Accuracy-Based Programs run only on genuine human samples that exhibit essentially no matrix effects. Commutability and reference measurement procedure are the two terms to keep in mind, Dr. Hoofnagle says. “Commutability means samples behave like actual patient samples in each assay. Reference measurement procedure means we have some gauge on the truth—the actual value of the concentration of the analyte in the sample. That’s what sets Accuracy-Based Programs apart from traditional PT, which uses samples that I call concocted, pretend. They do not represent actual human biology.”

The CAP obtains specimens for the Accuracy-Based Programs in several ways. For some tests, such as testosterone, cortisol, and A1C, Dr. Horowitz says, “it’s relatively easy to get specimens from individuals with a range of concentrations—men versus women, morning versus evening, individuals whose diabetes is controlled to varying degrees. In other cases, like creatinine, we have proved we can add creatinine to normal serum to get high concentrations without introducing matrix effects.” These matrix-effect–free specimens are commutable and can be used to compare different methods to one another and to reference methods, he says. “Then we can assess whether the method used in a lab is generating truly accurate results.”
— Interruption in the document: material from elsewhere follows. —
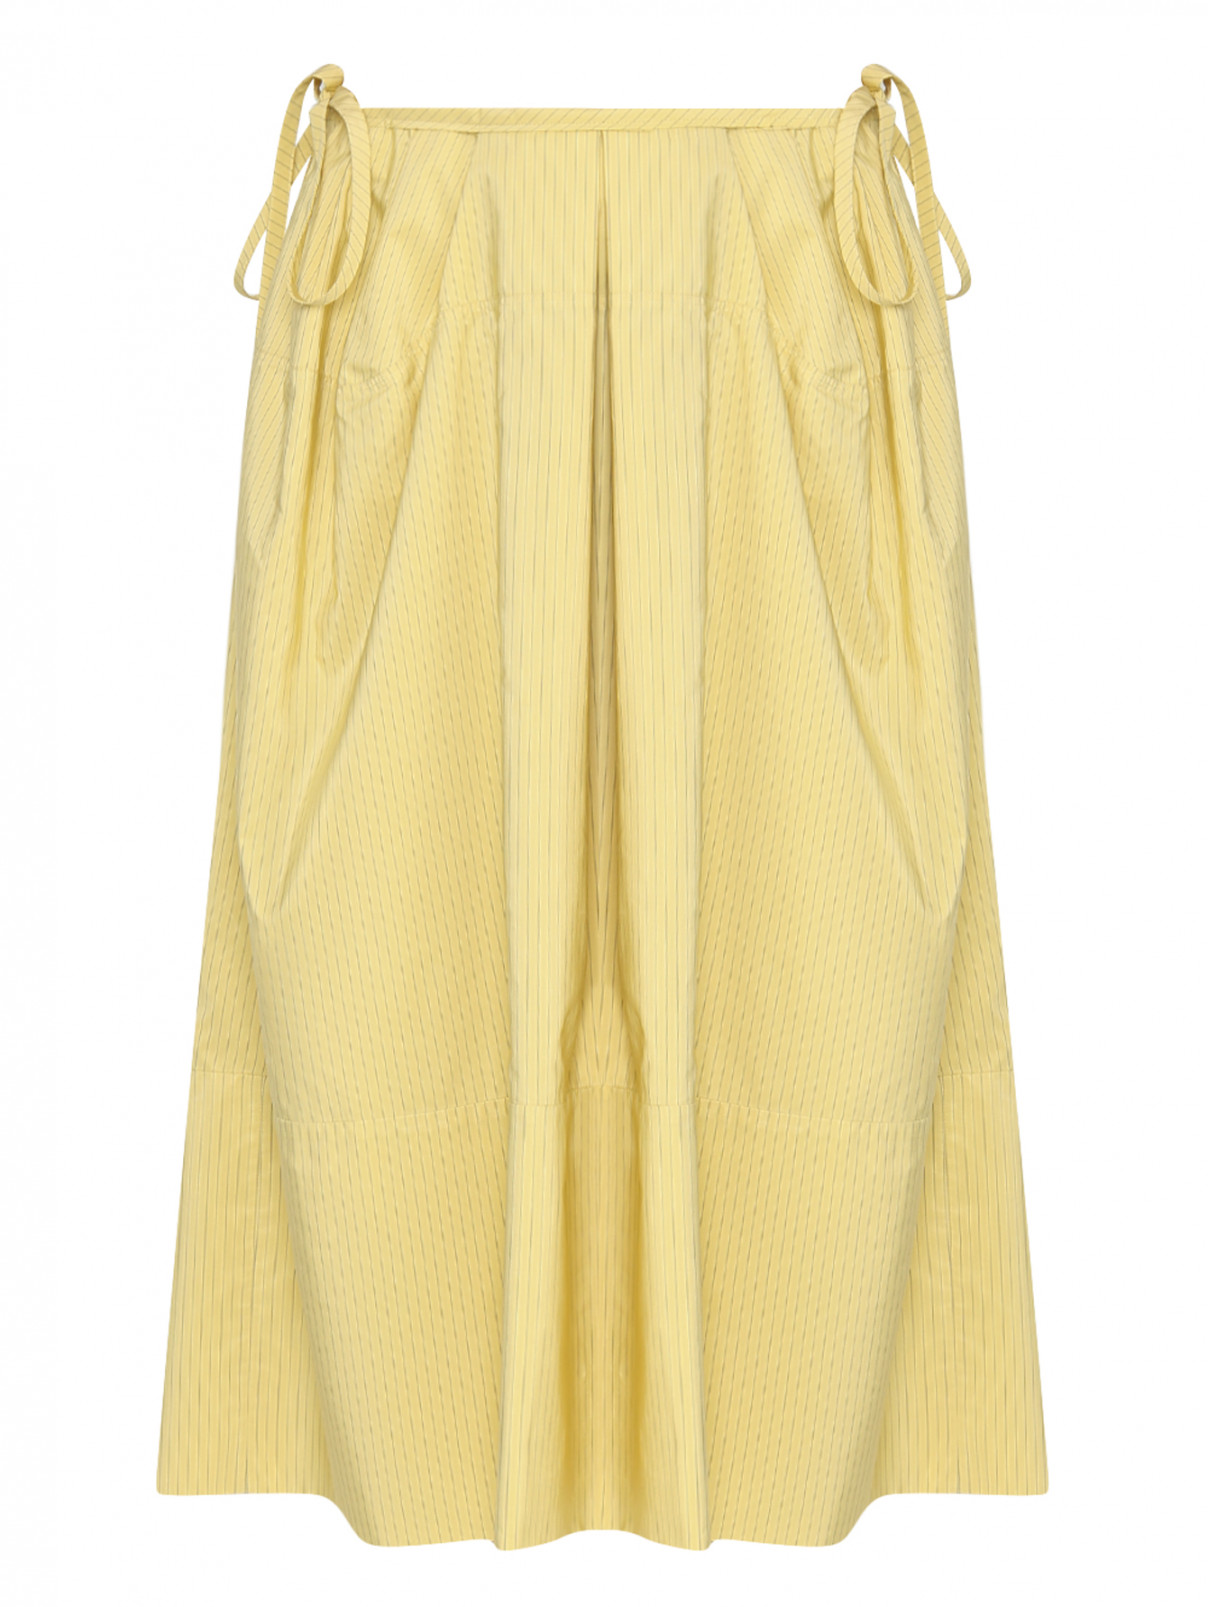 Юбка с драпировкой Jil Sander  –  Общий вид  – Цвет:  Желтый

These assessments drive industrywide improvement. In general, he says, “things work pretty well.” But when a problem is detected, the CAP shares the data with manufacturers, and they can then improve the affected assays accordingly.

“For the CAP, the great-grandparent of Accuracy-Based Programs is hemoglobin A1C,” Dr. Horowitz says. “For many years it has used commutable material and results have been compared to a reference-based measurement procedure. A1C is a huge success story because when data became available from hundreds, if not thousands, of labs, manufacturers with problems fixed their methods.” The methods used today are far more accurate and precise, he says. “We wouldn’t be where we are today without that Accuracy-Based Survey. Now everyone can reliably use the same cut-points for making a diagnosis of diabetes and for determining what is considered good or bad control. It made such a dent in the field when people actually saw performance using commutable material and the reference values for it.”
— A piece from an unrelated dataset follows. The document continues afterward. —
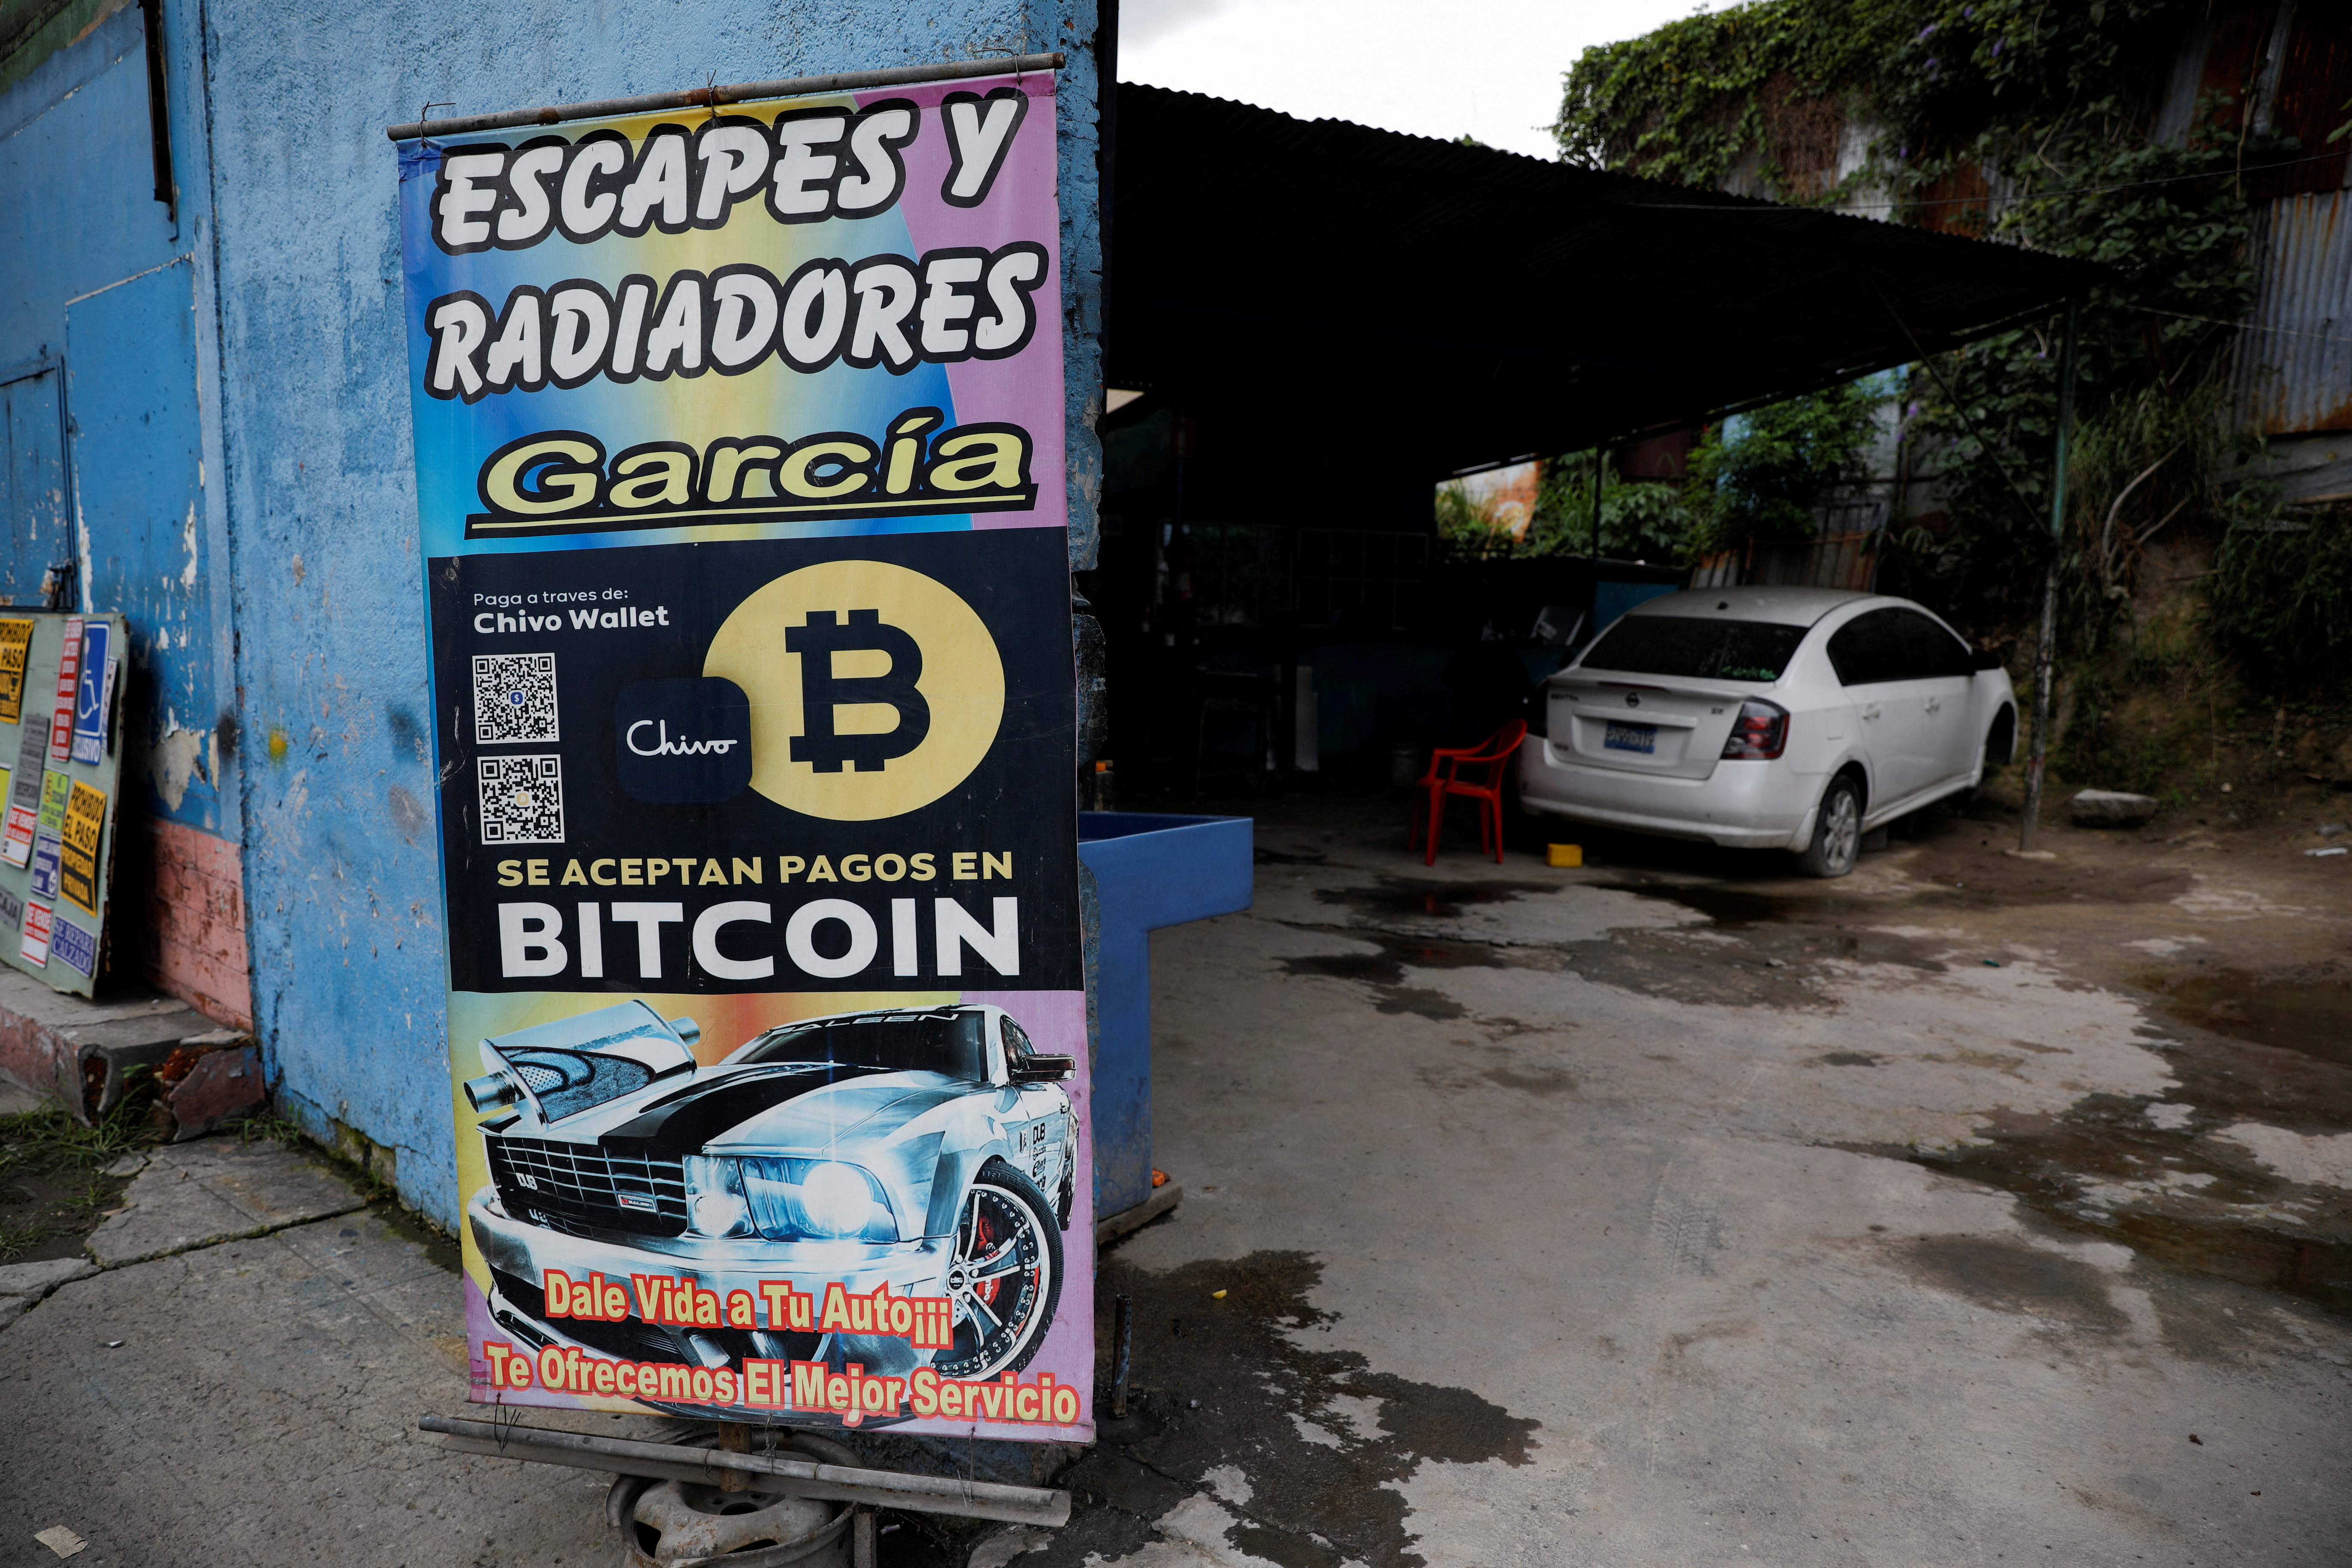 El Salvador uses Bitcoin as legal tender

A1C was unique, he adds, in that it was easy to find patients with normal values and various degrees of elevation because diabetes is prevalent. “It wasn’t hard to find materials to cover the range of values we needed. So the CAP was able to send out real commutable materials for that Survey. Newer Surveys are the grandchildren of A1C, but clearly it has been a lot more difficult to get commutable materials and the ranges we want.”

The Accuracy-Based Programs available now are as follows: Accuracy-Based Glucose, Insulin, and C-Peptide; Accuracy-Based Testosterone, Estradiol; Accuracy-Based Lipids; Accuracy-Based Vitamin D; Accuracy-Based Urine; Harmonized Thyroid; Hemoglobin A1c GH5 (five challenge), GH2 (three challenge); Hemoglobin A1c Accuracy Calibration Verification/Linearity; and Creatinine Accuracy Calibration Verification/Linearity.

At a meeting in March, members of the Accuracy-Based Programs Committee discussed what other analytes should be measured in the Accuracy-Based Programs. “ABP doesn’t develop material for everything that’s measured in the lab,” Dr. Harry says, “but it does focus on things that are critical, whether it be because technologies produce different results, because an analyte is particularly hard to measure because of its chemistry, or because it is something that affects many patients.”

Dr. Horowitz makes a strong case for the use of Accuracy-Based Programs for labs using laboratory-developed tests rather than FDA-cleared assays.